The present inventors have provided a battery module to solve the problems of light weight and thermal management in high energy density and high power application scenarios, aiming at the drawbacks of the prior art.

The technical scheme adopted by the utility model is as follows:

a heat dissipation structure comprises a first heat dissipation layer and a second heat dissipation layer.

In a preferred embodiment, the relationship between the thickness d1 of the first heat dissipation layer and the thickness d2 of the second heat dissipation layer is d1 > d2, and the first heat dissipation layer functions as a support for the second heat dissipation layer.

The thickness d1 of the first heat dissipation layer is less than or equal to 0.4mm.

The thickness d2 of the second heat dissipation layer is less than or equal to 0.1mm.

The second heat dissipation layer faces the battery core.

In a preferred embodiment, the first heat sink layer and the second heat sink layer are the same size.

The heat dissipation performance of the second heat dissipation layer is better than that of the first heat dissipation layer.

In an alternative embodiment, the first heat dissipation layer is an aluminum layer, and the second heat dissipation layer is a graphite layer.

The heat dissipation structure comprises a first plane which is in contact with the battery cell and/or the foam, and the length and the width of the first plane are equal to or larger than the length and the width corresponding to the battery cell.

In one embodiment, the heat dissipation structure further comprises a first extension structure and/or a second extension structure extending along the thickness direction of the battery cell, which is beneficial to protecting the battery cell and conducting heat quickly.

In one embodiment, the heat dissipation structures are arranged between the battery cells at intervals and function to transfer heat inside the battery cells to the surface of the battery cell assembly.

In a preferred embodiment, when the heat dissipation structure is disposed between two electrical cores, the heat dissipation structure includes a first heat dissipation layer and two second heat dissipation layers disposed on both sides of the first heat dissipation layer.

In another embodiment, when the heat dissipation structure is disposed between two electrical cells, two heat dissipation structures are disposed between the two electrical cells.

In a preferred embodiment, when two heat dissipation structures are disposed between the cells, the two heat dissipation structures are disposed between the cells and the foam, respectively, i.e., in a cell/heat dissipation structure/foam/heat dissipation structure/cell structure.

In one embodiment, the heat dissipation structure is matched with the battery cell and the foam to achieve the heat dissipation structure/battery cell/foam/battery cell/heat dissipation structure.

In one embodiment, the heat dissipation structures are respectively arranged at two sides of the battery cell assembly.
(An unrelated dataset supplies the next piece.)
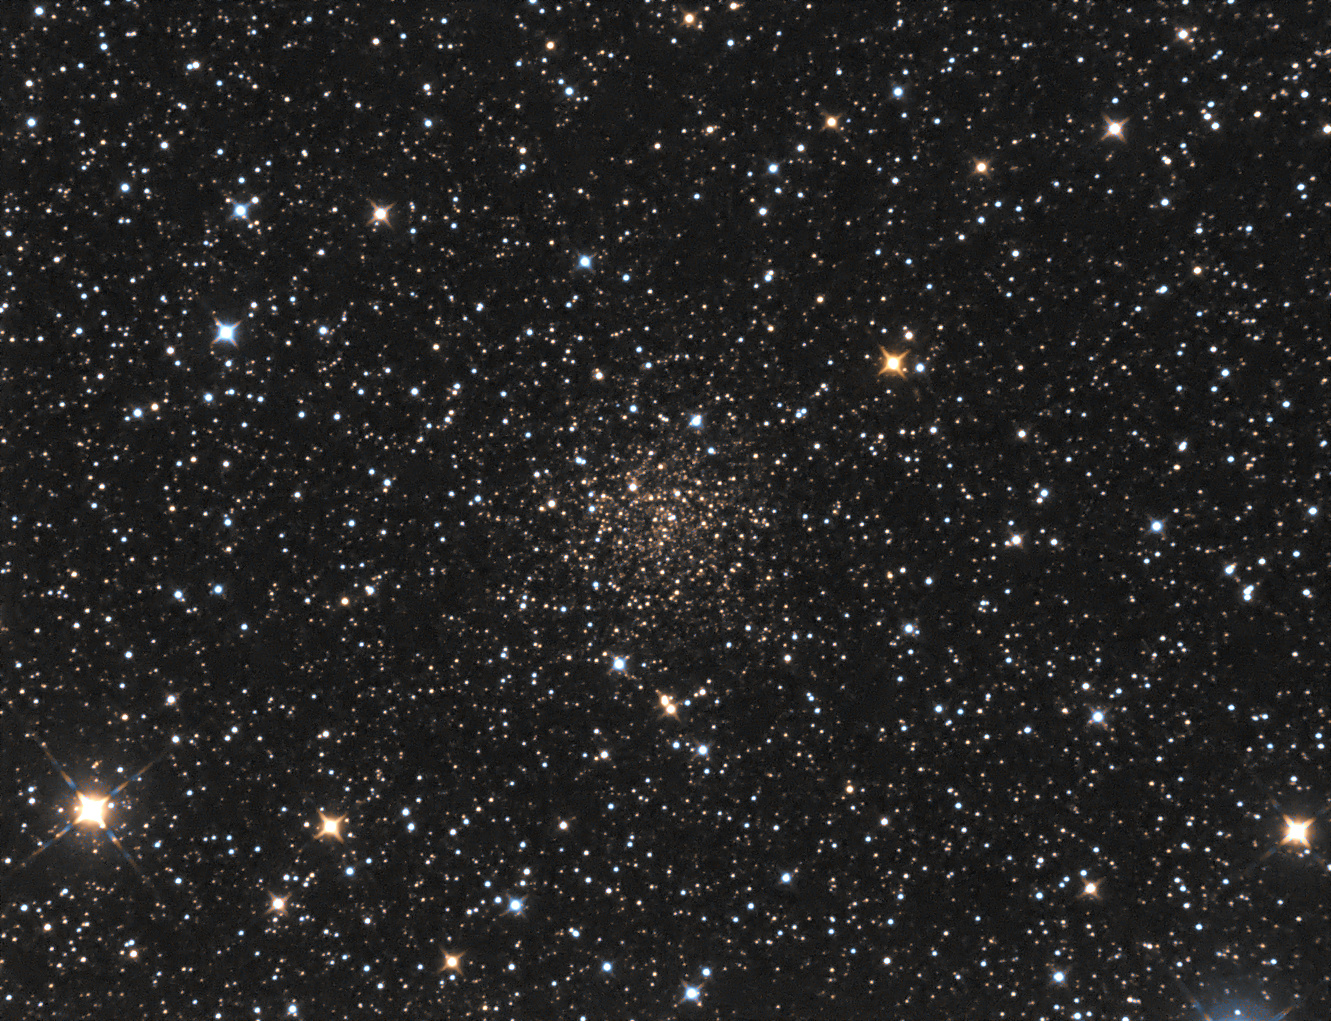 NGC-6791_W12-15x120s-b1_R-16x240s-b1_G-10x240s-b1_CBG-CSC_B-R_0.1_-SC_ST-15-3-2.5_SA-35-20_G-97.jpg

In another aspect, the present utility model provides a high-weight, high-heat-dissipation battery module using the heat-dissipation structure as described above, comprising: the battery cells are stacked side by side to form a battery cell assembly, and the battery cells are electrically connected together in a parallel or serial mode; the heat dissipation structures are arranged at two sides and inside the battery cell assembly; end plates arranged at the head and tail ends of the plurality of cell assemblies; cover plates arranged at the upper and lower ends of the multiple cell assemblies; the FPCA board is arranged at the upper ends of the plurality of battery cell assemblies and used for converging electric quantity and collecting battery cell voltage and temperature in real time.
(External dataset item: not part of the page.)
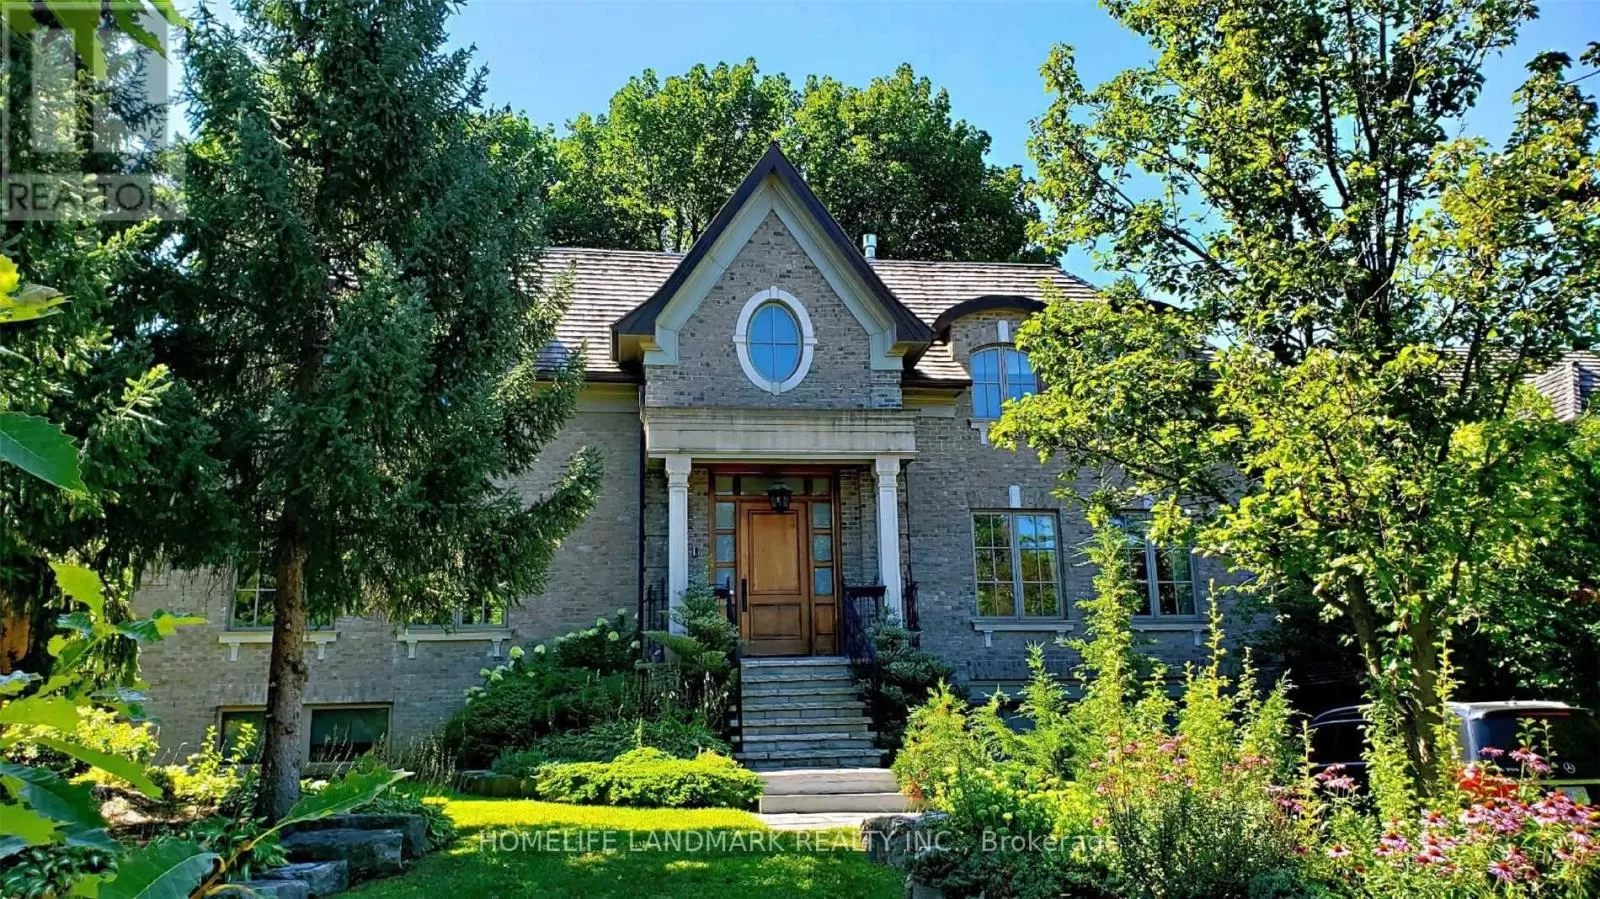 House for rent: 7 Glendarling Road, Toronto, Ontario M9A 4G3

It is further characterized by:

a protection plate is clamped between the end plate and the battery cell assembly, and the protection plate is made of flame-retardant materials.

The battery cell module further comprises plastic covers which are arranged at the upper ends and the lower ends of the plurality of battery cell assemblies, wherein the plastic covers are made of PET (polyethylene terephthalate) polyester films, PC (polycarbonate), PP (polypropylene) or PE (polyethylene) materials, and the FPCA plate is arranged in the plastic covers.

Be provided with a plurality of collection nickel pieces that link to each other with the positive and negative tab of electric core on the FPCA board, be connected with busbar and low pressure plug-in components respectively at the both ends of FPCA board simultaneously.

The battery cell assembly is internally provided with compressed foam.

The end plate is made of aluminum alloy, and the cover plate is made of aluminum alloy.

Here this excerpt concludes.